If you feed other animals outdoors pick up the food in the evening and the opossum will move on. This is also true to discourage other nocturnal wildlife from rummaging thru your trash cans and outdoor feed containers.
When human intervention is necessary:
Always wear gloves when handling any wild animal to minimize risk of disease/parasitic transmission.
If you find an opossum that is 8” or longer (excluding the tail), it is old enough to be on its own.
There are usually 3 cases in which opossum babies need human help:
1) The mother is found dead babies may be in her pouch, clinging to her or wandering around confused usually within 50’ of the mother.
2) Baby (or babies) fall off of the mother
3) Mother is injured preventing mobility.
Babies that are separated from their mother will usually makes sounds like wheezing or sneezing to catch the attention of the mother. These very young babies that are not able to regulate their body temperature need to be rescued or they will most likely die from hypothermia & then starvation, dehydration, be hit by a car or eaten by predators.
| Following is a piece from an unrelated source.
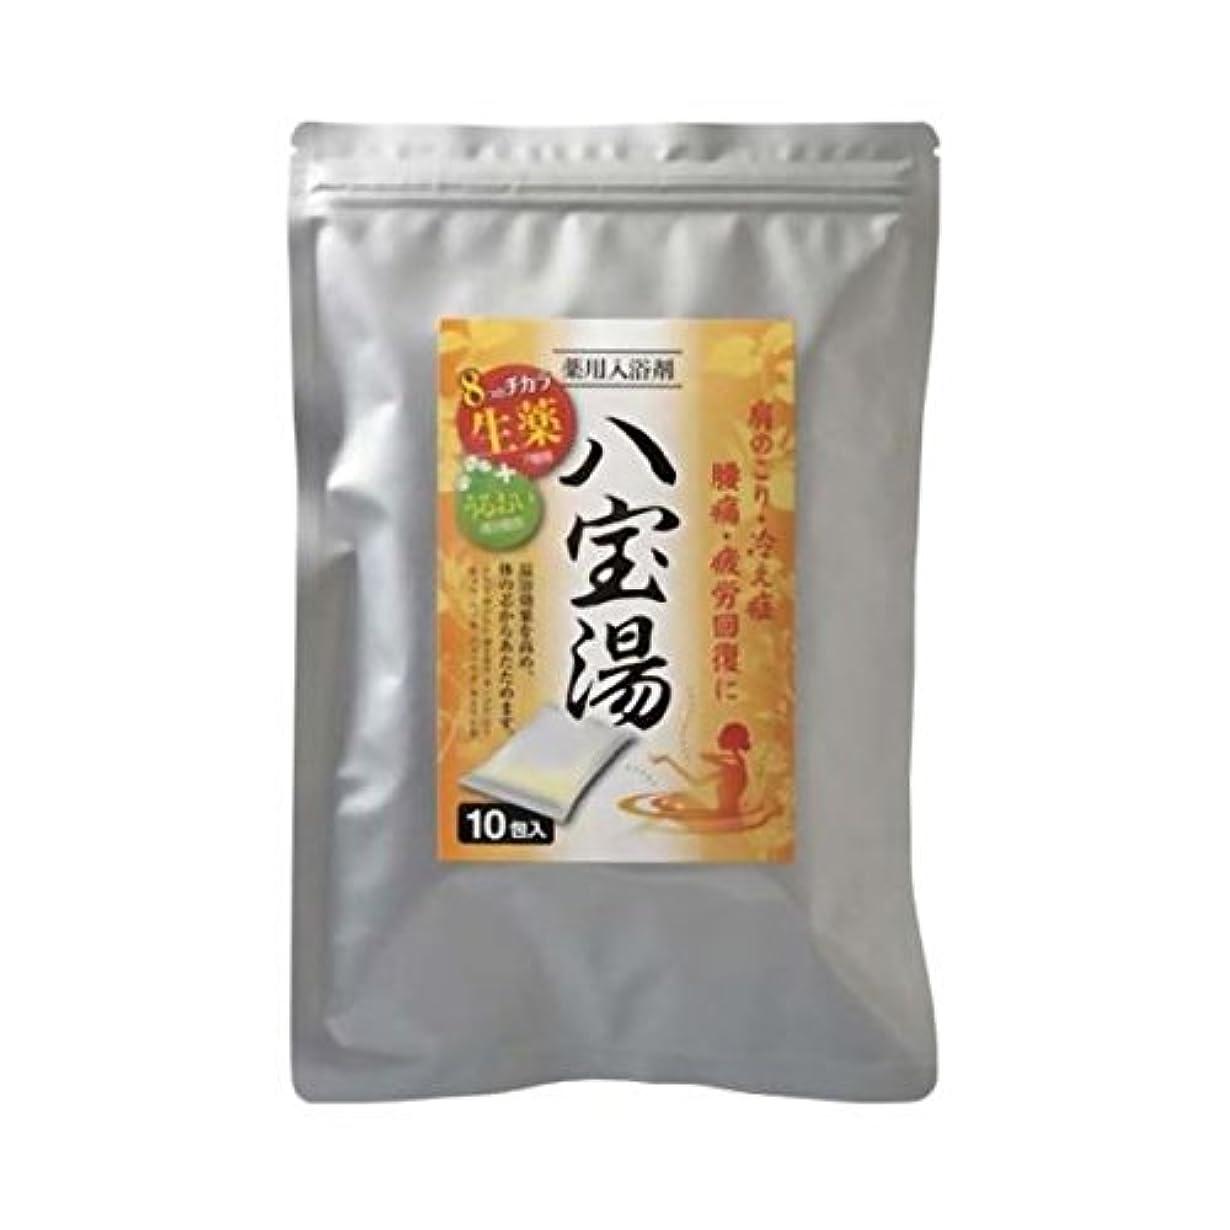 慢折る動脈【お徳用 3 セット】 薬用入浴剤 八宝湯 カモミールの香り 10包×3セット

IT IS CRITICAL THAT THEY BE WARMED GENTLY. The most immediate way to do this is to wrap them in a cloth and hold them against your body until you can create an artificial source of warmth i.e.:
1) Fill a plastic bottle with warm water, seal the end and wrap a towel around it & lay the baby (s) against it.
2) Put a small piece of fleece in a small box & place the box on top of a heating pad SET ON LOW HEAT.
3) Contact a licensed wildlife rehabber immediately and take further instructions at that time.
Each hour you wait to contact help diminishes the chances of survival for the baby DO NOT ATTEMPT TO FEED unless otherwise indicated by a licensed rehabber.